Workplace Human Rights

The Employer’s Defence

The employer, of course, may defend the evidence put forward to justify a prima facie case. The bar is a low one for the applicant, yet there still must be sufficient evidence to show a case on the merits.

Even is a prima facie case is established, the employer may still call evidence to rebut this and/or show an affirmative defence on the merits to demonstrate that there did exist an independent reason for the action taken, one which was not subject to any influence of the alleged violation. The more powerful and logical this evidence, the stronger the case.

Where there is an apparent case shown, then regard should be had to the evidence to show procedural and substantive accommodation. This obviously requires advance planning well prior to the hearing date, while the matter is developing.

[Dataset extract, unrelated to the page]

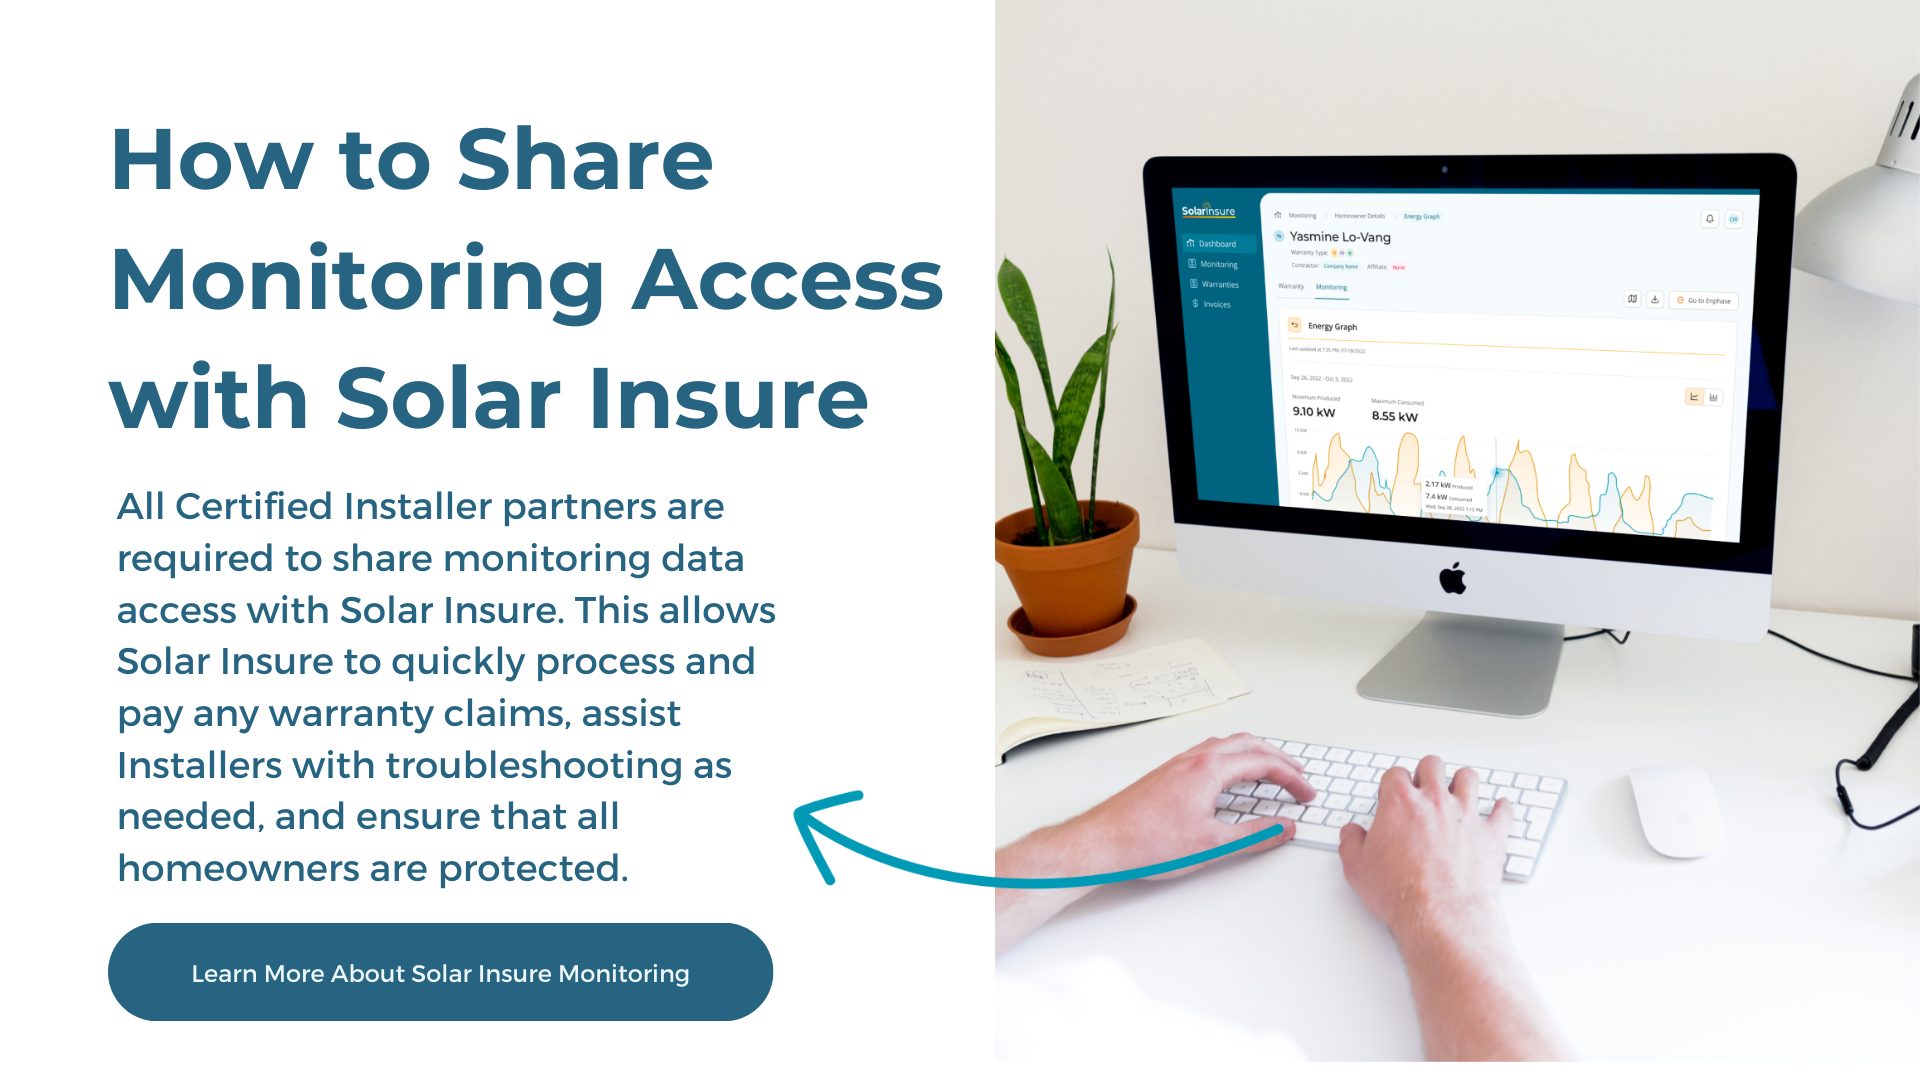 How to Review Monitoring Data with Solar Insure 5

This issue is reviewed here.

Company Policy Document

The first step for the employer is to develop an effective anti-discrimination policy and to ensure proper training be given to management and other employees. The policy should allow for an internal complaint procedure to permit an adversely treated employee to bring his or her concerns forward without the fear of reprisal.

The same policy may also include anti-harassment terms or this may be in a separate document.

It must also clearly define what rights are protected under the human rights code with as much clarity as possible. It should state the company’s commitment to human rights and to promote equality in the workplace.

It should also note its application to all employees, including volunteers and occasional workers. It should state that it offers its protections even where a person may not outwardly appear to be offended and has not vocally objected. It should also deal with the concept of a poisoned work environment and note the duty on management staff to take affirmative steps to eliminate offensive conduct.

Apart from satisfying the legal requirement to have such a policy, this may also have the impact of internalizing the complaint process and avoid third party intervention by the filing of a formal complaint. Human rights boards are not eager to see that as an objective, but the reality is that a concern which is raised internally, where the employee sees an active response and a good faith attempt to analyze and fix a problem, may likely be amicably resolved.

A good example of a case in which the court was critical of the policy created by the employer and the failure to investigate the claim diligently is a 2014 Nova Scotia case. 1 This was so, even though the court agreed that the employer had invested considerable resources into the creation of the manual. It nonetheless failed to define what conduct was discriminatory and what conduct was harassment.

The policy document should also speak to the issue of accommodation and why accommodation may be required in certain circumstances, such as issues involving disability, family status and child care or other family needs, religion or creed or age. It should state that the making of an accommodation request will not be judged adversely against the person for the initiation of the request and that all such submissions will be acted upon in good faith.

Such a policy document may be found below. The federal requirements are more vigorous. A particular draft to that end is also below as a distinct manual.

The Canada Labour Code requires every federal employer develop and implement a policy document in workplace harassment and violence. It is a comprehensive requirement and mandates an investigative process be followed. It is reviewed here.

All Canadian jurisdictions  now require a policy manual dealing with harassment and violence issues in the workplace.

Prince Edward Island’s Employment Standards Act by section 27 also requires a sexual harassment policy be in place and as of July 1, 2020 implemented a mandatory workplace policy to prevent and deal with workplace harassment by S. 24 of its Occupational Health & Safety Act.

Newfoundland & Labrador did the same on January 1, 2020 as did New Brunswick on April 1. 2019.

Ontario passed amendments to its Ontario’s Occupational Health and Safety Act, which requires most employers to provide a harassment policy. This is not a human rights policy, but a harassment, well more appropriately, an anti-harassment policy.

The failure to put one in place may be itself a breach of a fundamental term required by law.

A similar provision exists under the Occupational Health and Safety Act of Saskatchewan which covers more than human rights abuse, as is the case in Ontario. The British Columbia workers compensation legislation also mandates a policy dealing with Discrimination, Bullying and Harassment in the Workplace be in place. Manitoba requires the same, as does Alberta. 2

The employer should also take steps to train its management staff on issues of human rights and also to educate all staff members of the need for human rights compliance and to be aware of the mechanics of enforcing the manual.

The reality is that such steps must be done and actually will do much to foster a positive work environment and minimize employee turn-over.

Investigate the Allegation

Once the employer is aware of a complaint, there should be an effective investigation undertaken, preferably by an impartial person, as soon as possible.

In British Columbia, an immediate and effective investigation taken by the employer, followed by appropriate remedial steps may result in the dismissal of the complaint. This promotes a speedy and fair response by the employer.

In one case, 3the complainant had alleged a representative of the company and made inappropriate comments about her sexual preference, made other alleged comments which she considered sexual and also inappropriately touched her.

The company investigated the complaint and ordered that the alleged offender be assigned into a different department to avoid direct contact. This action was found to be fair and the complaint was dismissed.